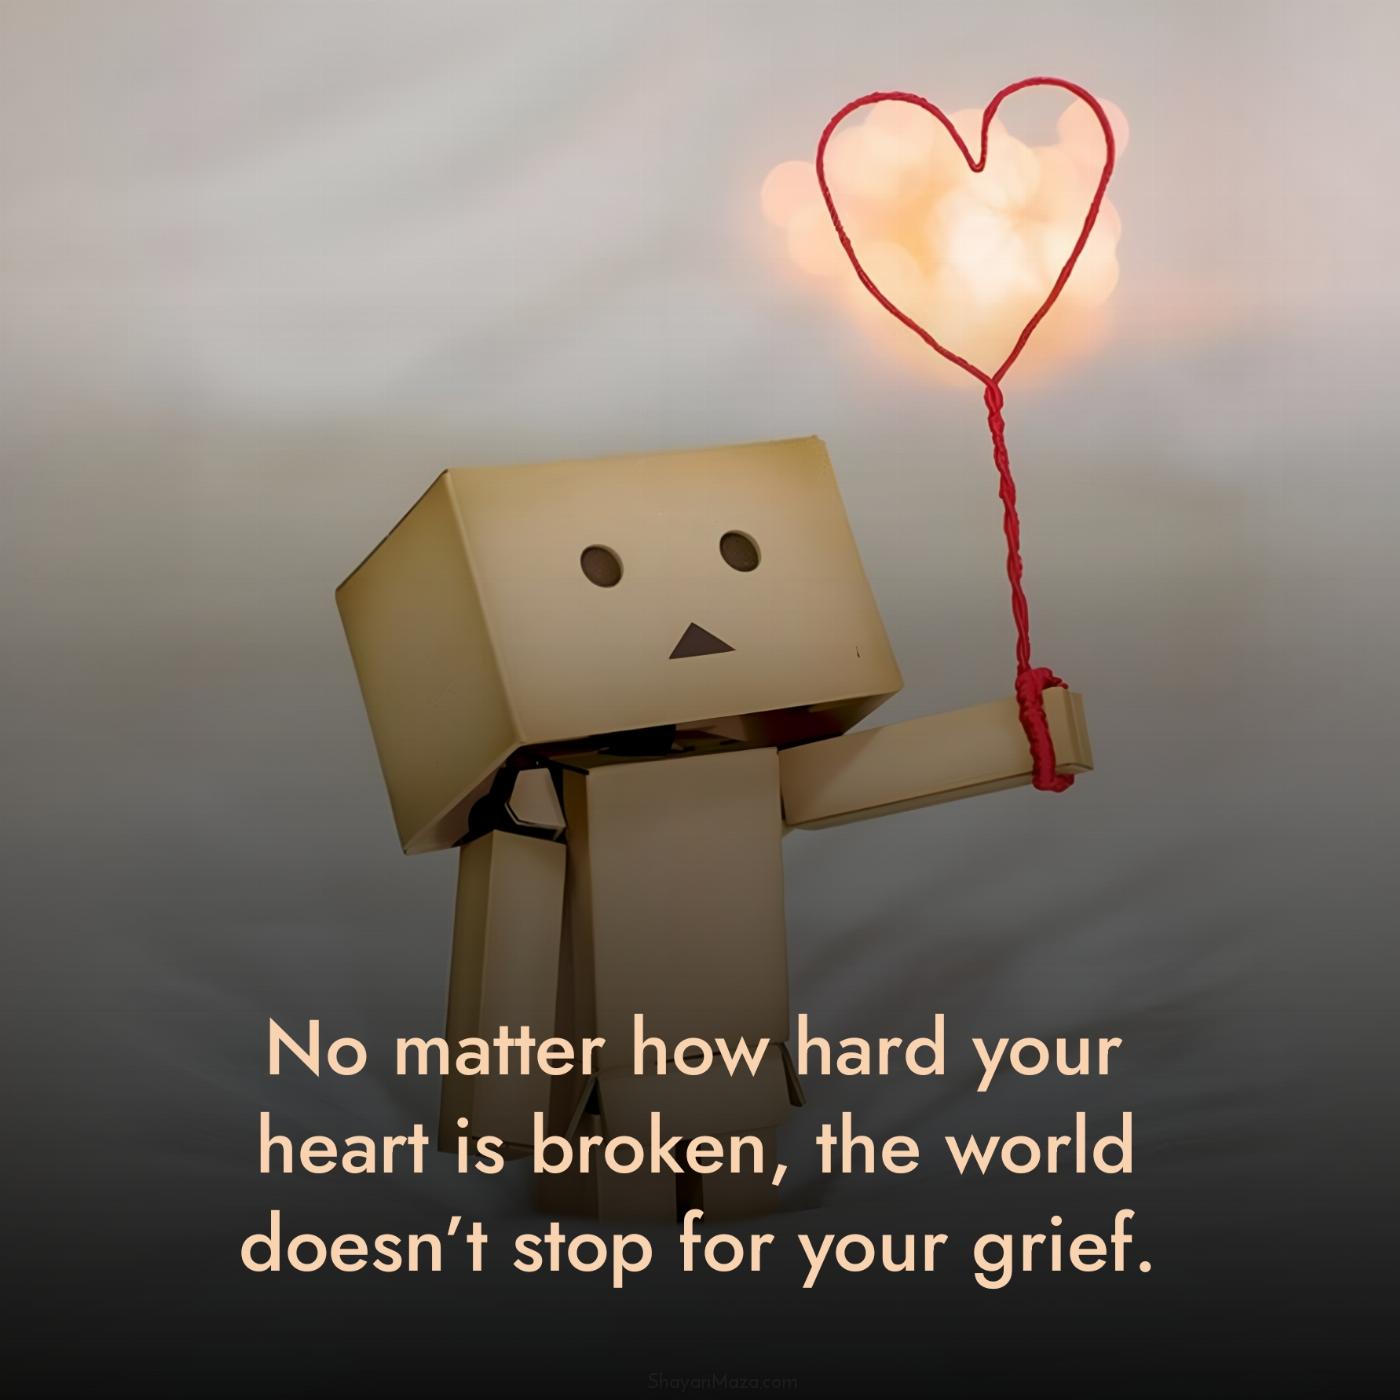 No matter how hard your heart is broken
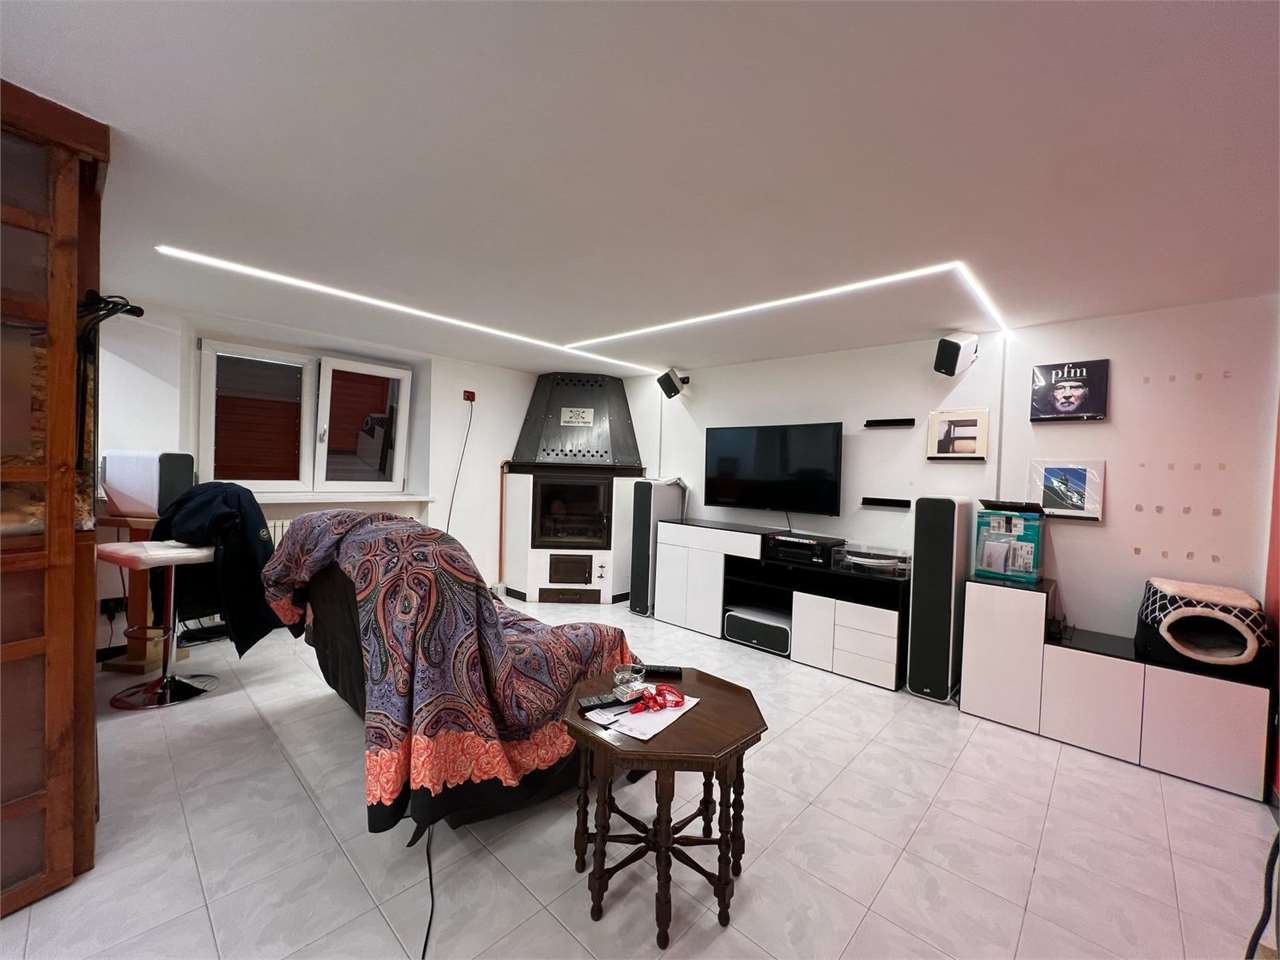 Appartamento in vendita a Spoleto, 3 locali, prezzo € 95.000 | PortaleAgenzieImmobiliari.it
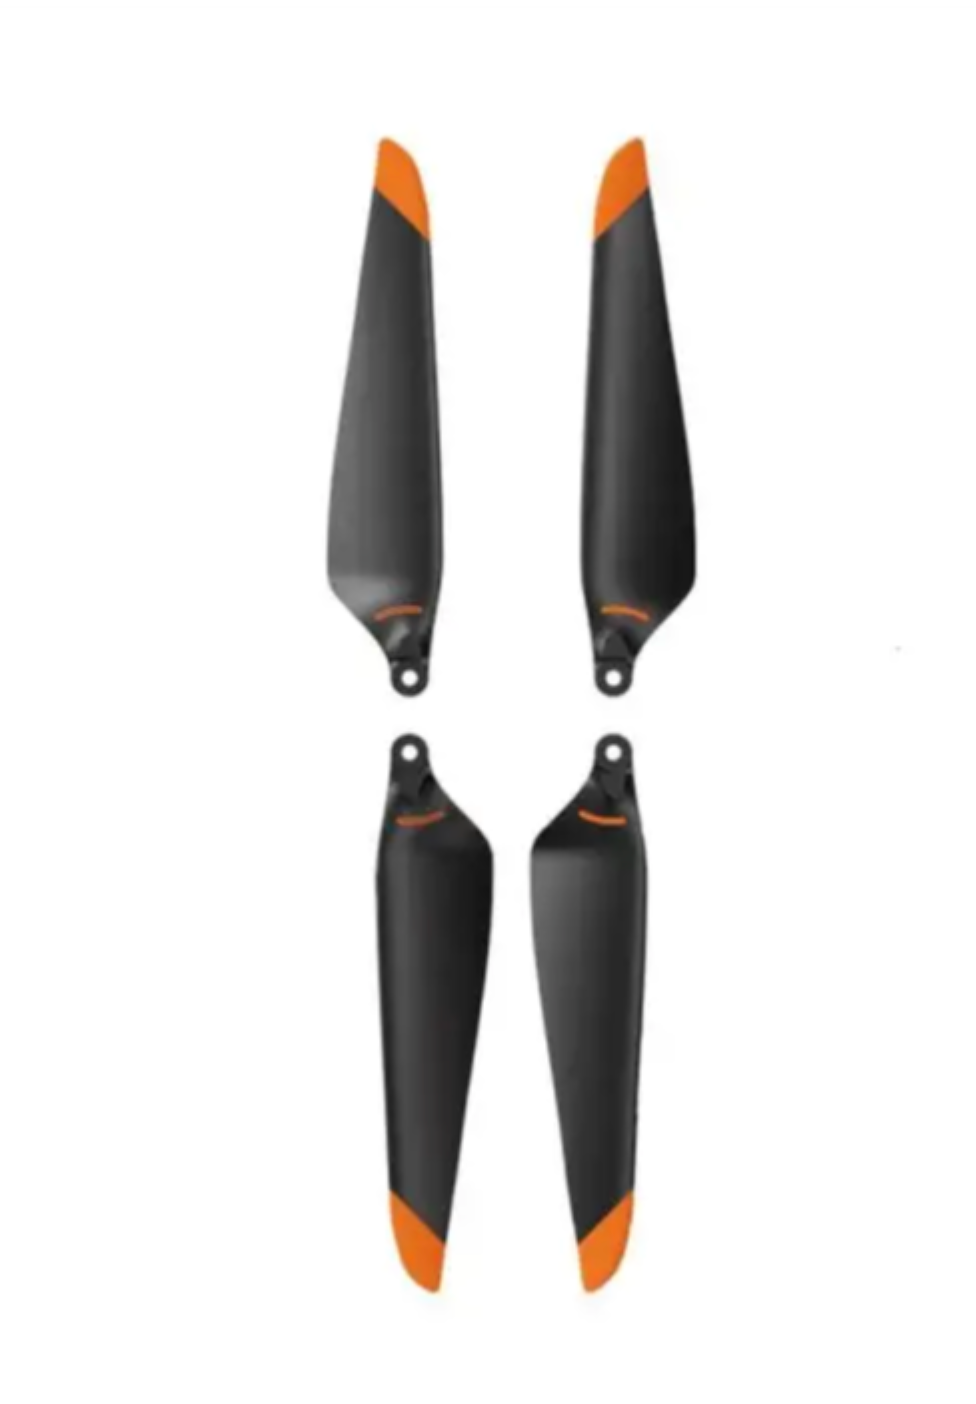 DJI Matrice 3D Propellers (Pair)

━━━━━━━━━━━━━━━━━━━━

- Task description -
Would you copy all of the data exactly? Keep the pictures out of it.

- Answer box -
 No matter how hard your heart is broken
 Appartamento in vendita a Spoleto, 3 locali, prezzo € 95.000 | PortaleAgenzieImmobiliari.it
 DJI Matrice 3D Propellers (Pair)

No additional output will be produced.